# Study material:
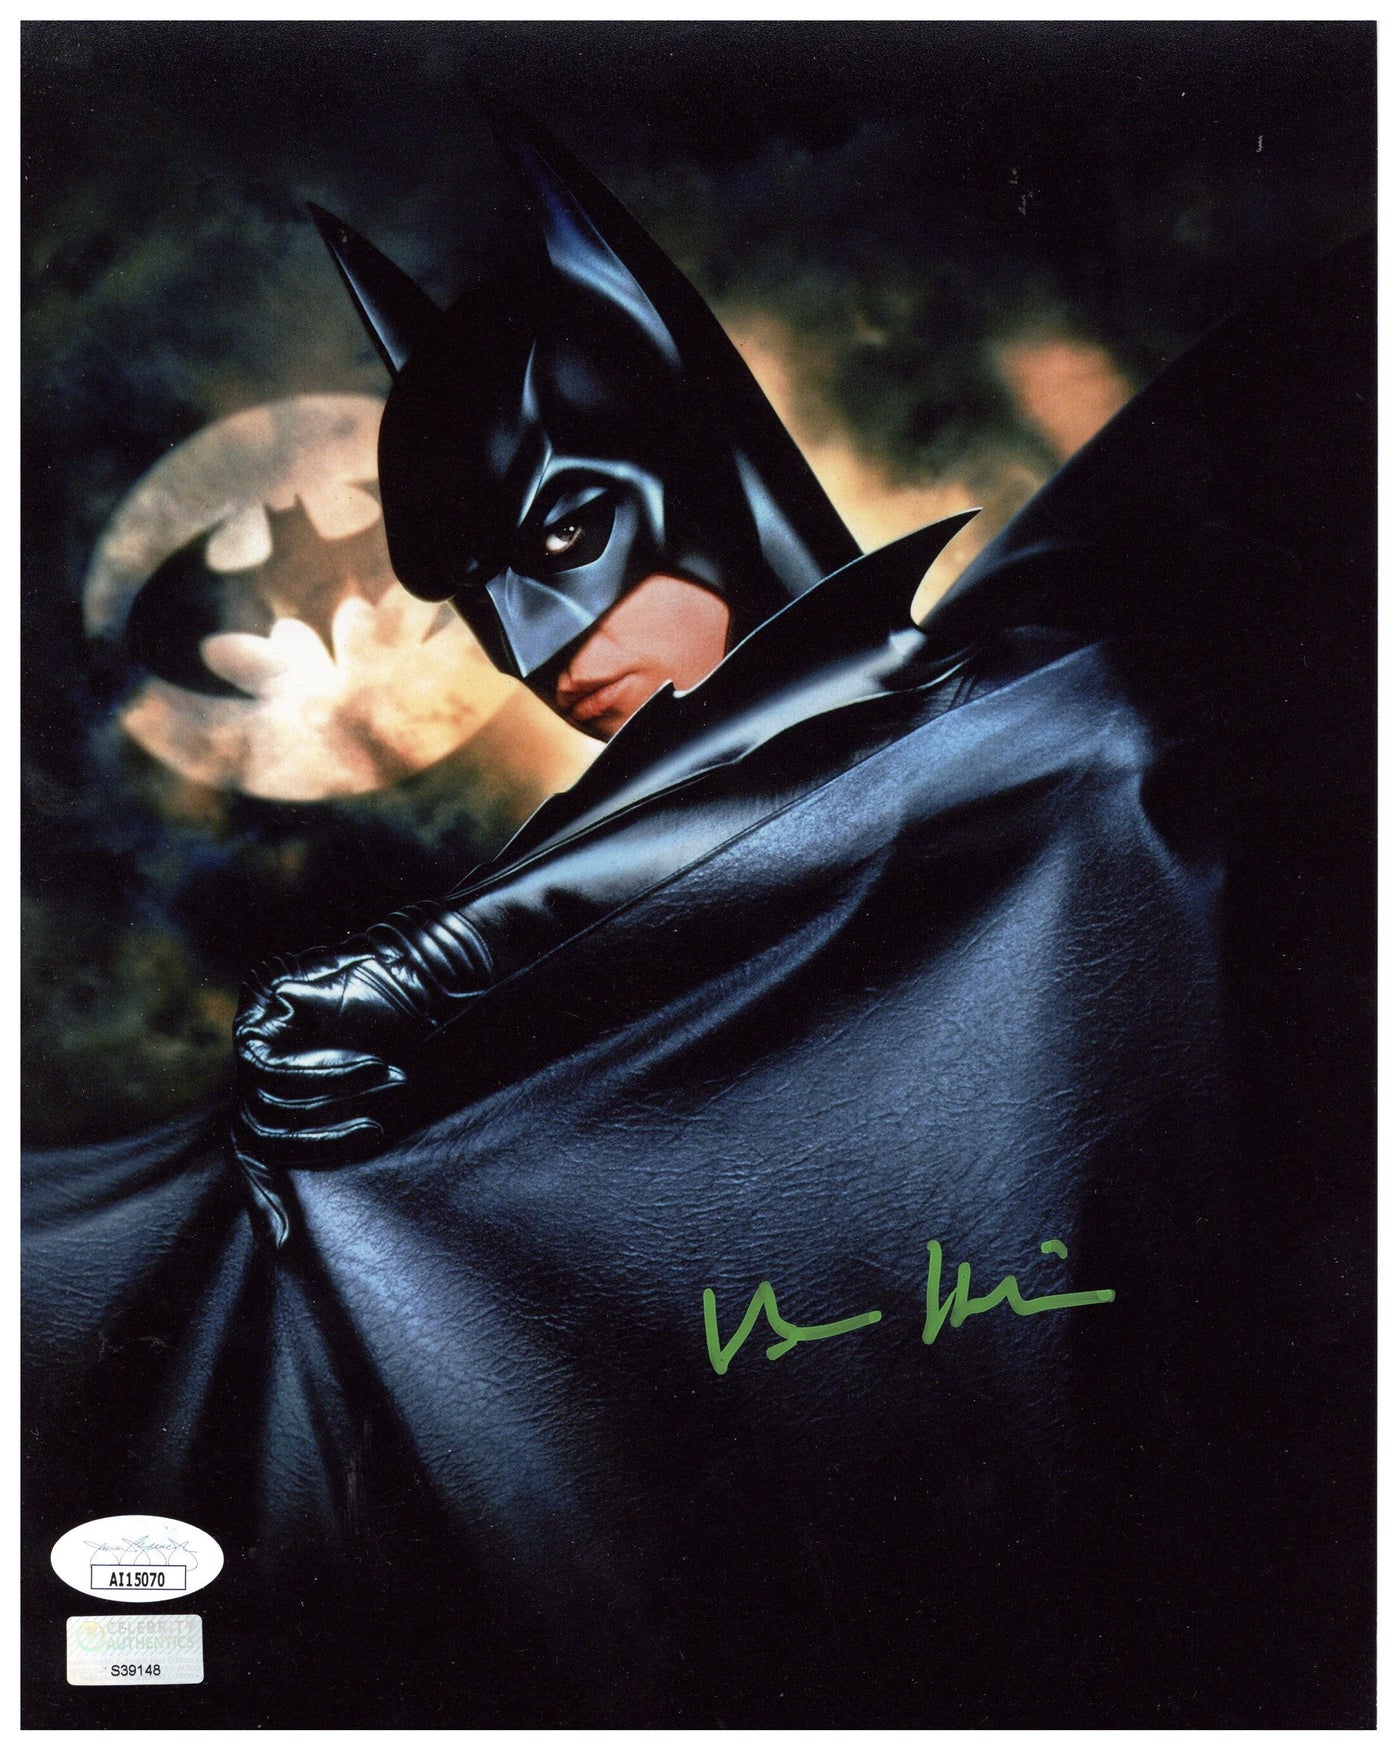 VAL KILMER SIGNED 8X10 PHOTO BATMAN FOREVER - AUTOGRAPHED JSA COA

--

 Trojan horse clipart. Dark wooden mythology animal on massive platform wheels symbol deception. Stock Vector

==

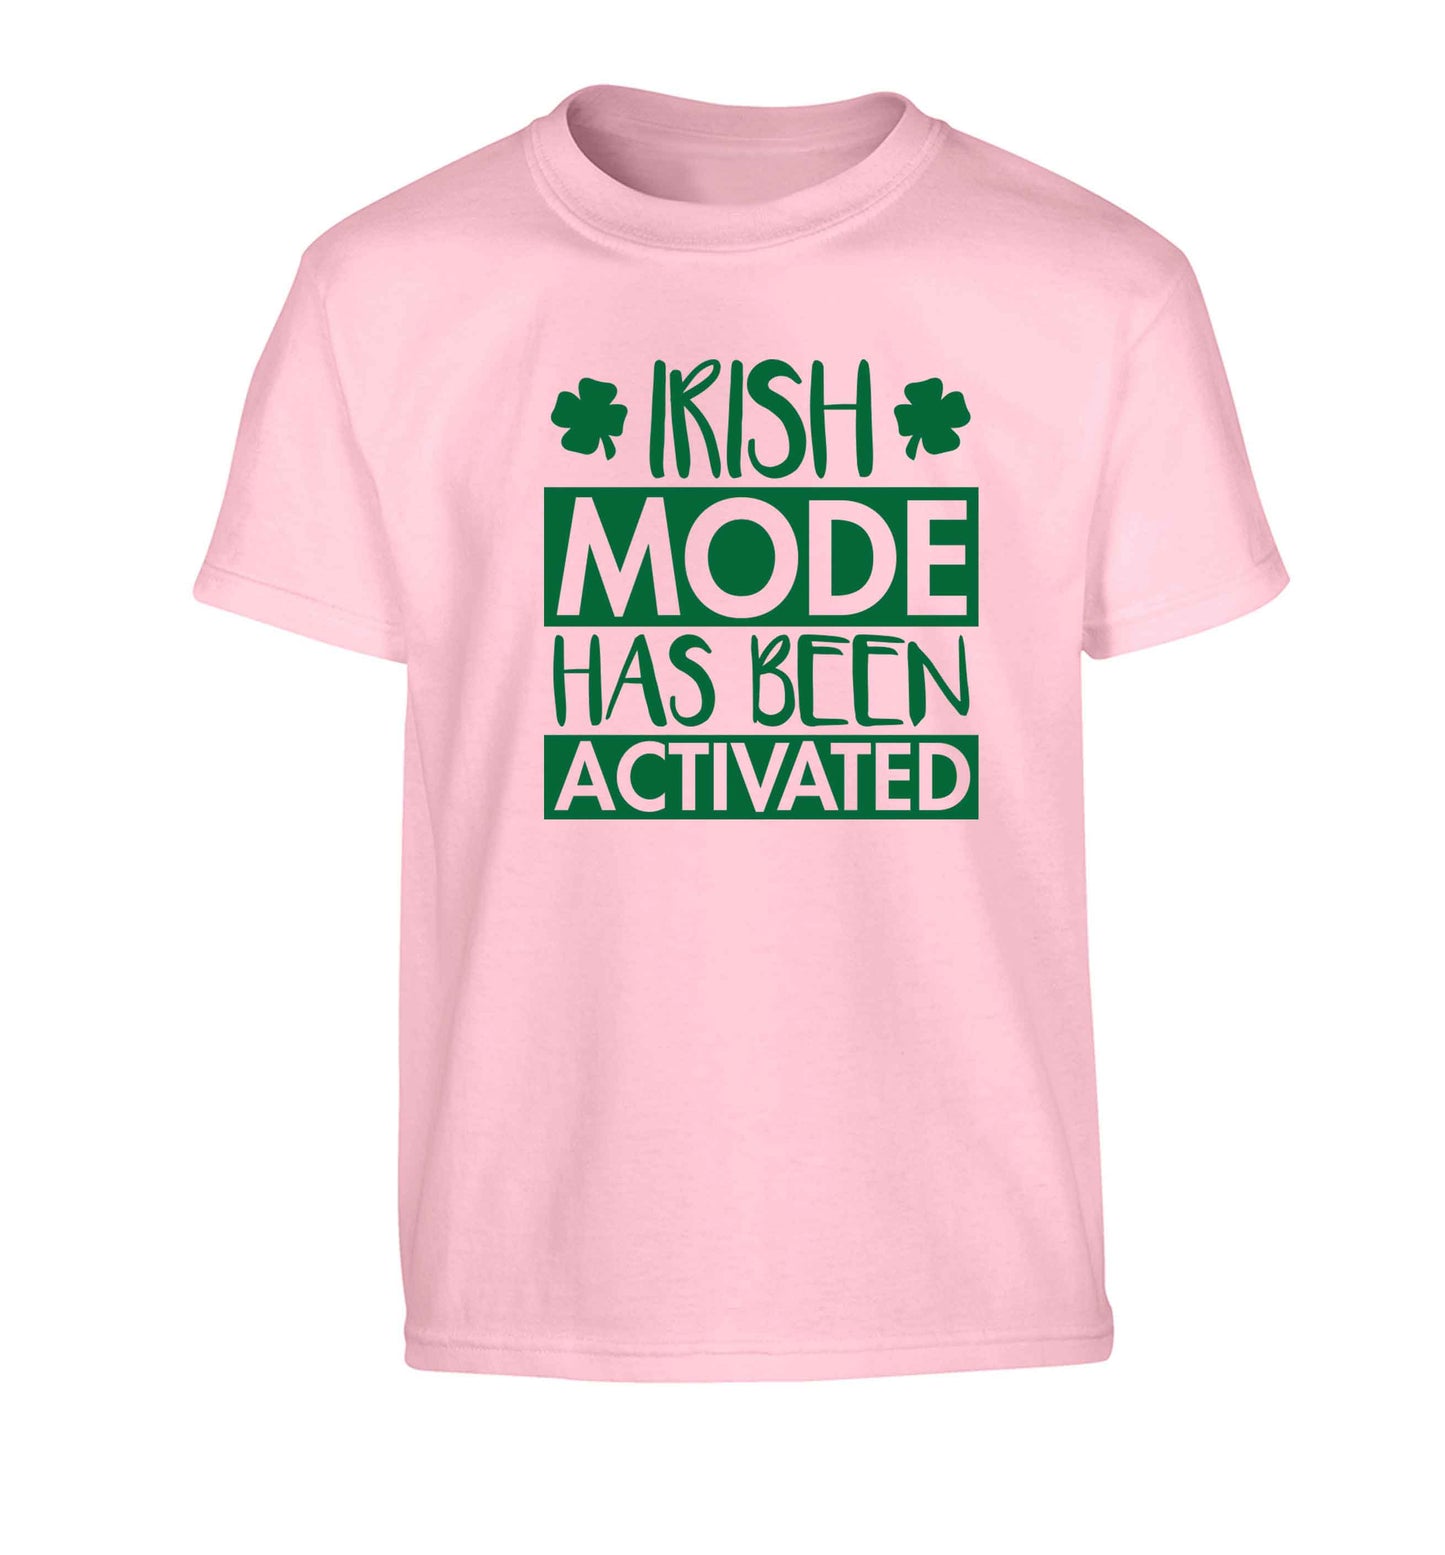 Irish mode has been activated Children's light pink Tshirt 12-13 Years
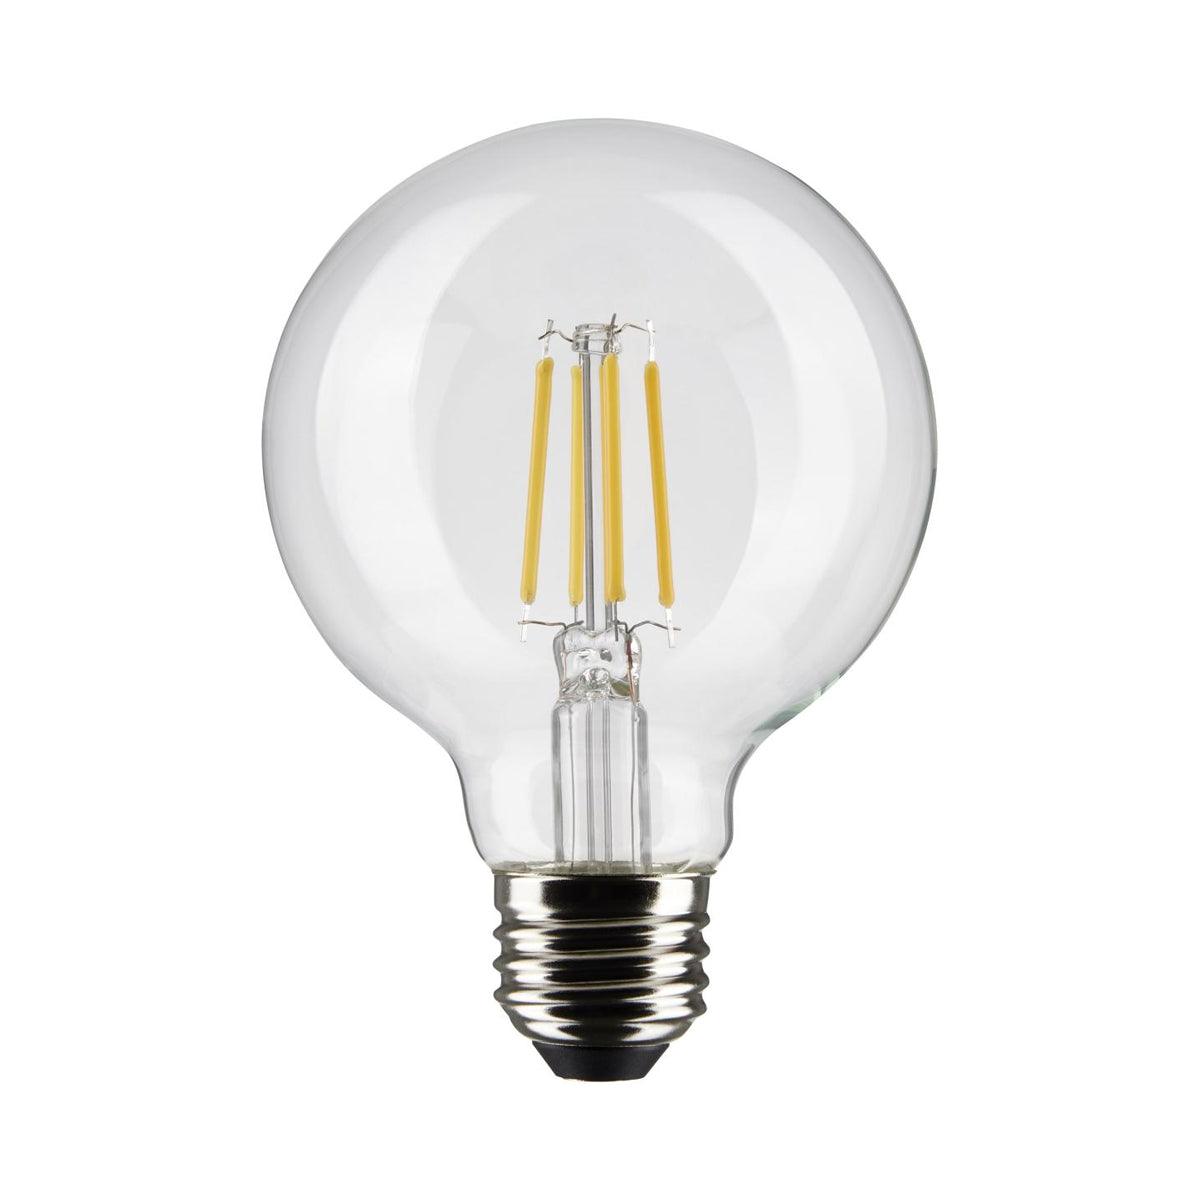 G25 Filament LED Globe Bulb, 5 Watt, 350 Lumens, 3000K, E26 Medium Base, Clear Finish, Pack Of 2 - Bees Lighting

# Task statement:
Reproduce the entries exactly, from the line with "Irish mode has" to the line with "G25 Filament LED", both lines included, keeping no pictures.

# Your response:
 Irish mode has been activated Children's light pink Tshirt 12-13 Years
 G25 Filament LED Globe Bulb, 5 Watt, 350 Lumens, 3000K, E26 Medium Base, Clear Finish, Pack Of 2 - Bees Lighting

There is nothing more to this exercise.